XML database schema > XMLDB Problems


Every section on this page will show important problems present in the adoption of the new database layer planned for 1.7. Each section will define the problem, its impact and, when available, its solution. Every section will include one line containing its status ('Open', 'Decided, 'Work in progress', 'Finished', 'Tested' and 'Closed').

Of course, fell free to use the Bug Tracker to follow the daily evolution of each one of these problems by adding one link inside each section pointing to the proper bug.

Prior to change the status from 'Decided' to 'Work in progress' the corresponding page of the roadmap must be modified, including all the actions/steps needed to solve the problem. Obviously, at the end, the expected status for each section is 'Closed'.

Regular expressions

(Status: Open - Severity: Critical - Bug: not defined)

Problems with Oracle (not available until 10g) and MSSQL (not available). Oracle 10g implements them using directly and one package existed since ages (Oracle 8i?) to handle them (owa_pattern). MSSQL can execute them by installing some stored procedures. Oh, oh, problems with some (a few) queries...

SQL Limit performance

(Status: Open - Severity: Not critical - Bug: not defined)

Analyse the impact of such SelectLimit() calls under SQL*Server, Oracle... because it's emulated by ADOdb on those DBs, because their lack of support for the LIMIT clause. As the offset parameter grows, ADOdb must iterate over more records to get the desired window and it could be a problem under long sets of records!

Naming conventions

(Status: Open - Severity: Critical - Bug: not defined)

What to do with all the previously created DB objects (indexes, unique indexes, sequences...) if their naming schema doesn't fit with the implemented by ADOdb. Drop/recreate everything? Leave it unmodified? Can we use different naming schemes for each DB. PostgreSQL one seems more formal, is it the way for Oracle and SQL*Server. Also I would propose to add some option to the Health Center in order to be able to drop all the indexes and regenerate them following the exact naming rules specified in the XMLDB naming page.

Naming conventions II

(Status: Closed - Severity: Critical - Bug: 6230)

Oracle imposes one limit of 30cc. for naming DB objects (table, field, index...), and currently we have some objects over such limit: mdl_glossary_entries_categories and mdl_question_dataset_definitions. They must be renamed to anything else ASAP. No alternate solution exists. Also, once renamed we should restrict the maximum length of $CFG->prefix to avoid undesired situations, at least for new installations to, say, 5cc, limiting table names to 25cc (without the prefix). PostgreSQL before 7.4 limit seems quite near too (32 cc.).

Solution: Limit table/field/index/key/sequence names to 30cc and deny the use of prefixes for Oracle installations. See key and index naming to get info about how XMLDB constructors will be naming all the remaining objects in DB.

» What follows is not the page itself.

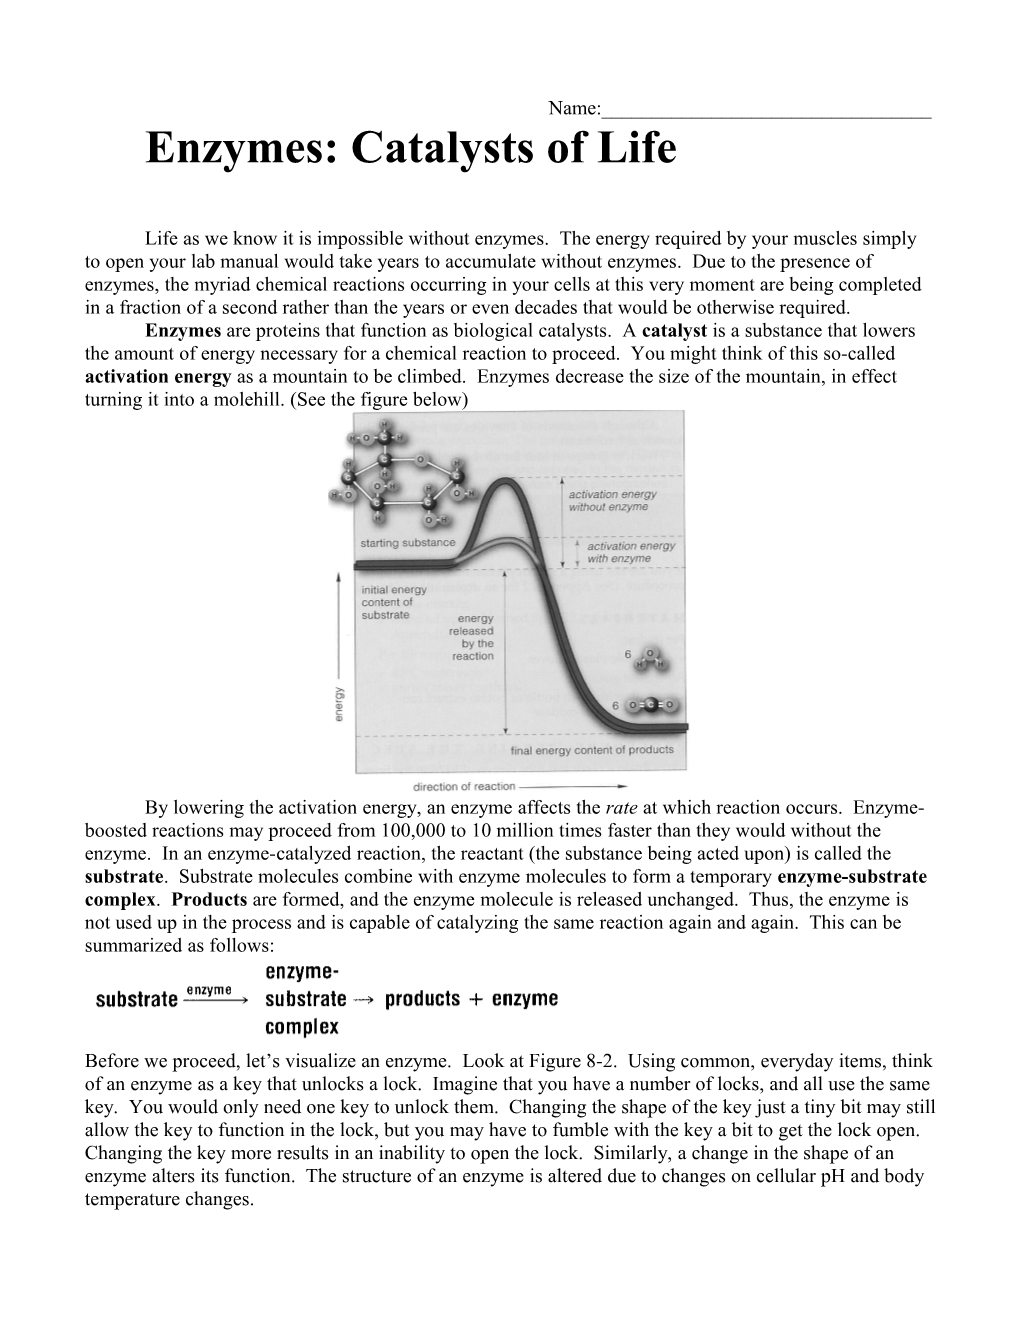 Enzymes: Catalysts of Life

NOT NULL fields using a DEFAULT '' clause

(Status: Open - Severity: Critical - Bug: 6218 )

Under Moodle 1.6 there are tons of char/varchar/text/blob columns that are defined as NOT NULL and contains one DEFAULT clause with the value '' (empty string).

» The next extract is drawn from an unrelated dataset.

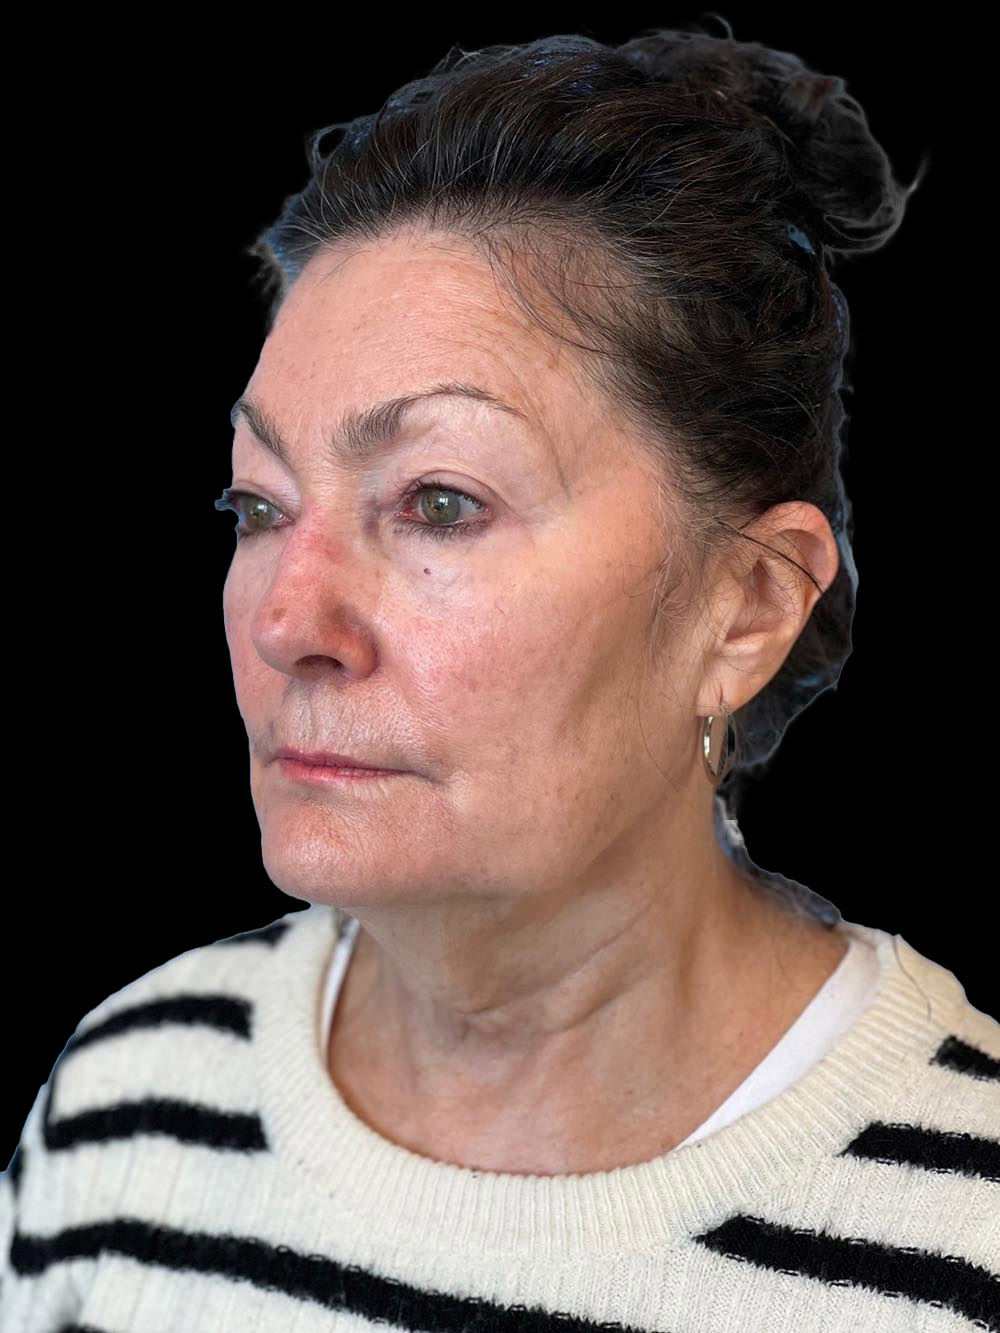 Photo of the patient’s face before the Facelift surgery. Patient 5 - Set 2

There are two important problems with this type of definitions:

  1. They haven't to much sense from a design perspective. If one field is defined as NOT NULL it shouldn't contain empty values (yep, agree that NULL != everything, included empty, but in a logical world I cannot find any reason to fill fields with empty values).
  2. Oracle considers empty strings as NULL values the DEFAULT application will crash in that RDBMS. (http://www.techonthenet.com/oracle/questions/empty_null.php)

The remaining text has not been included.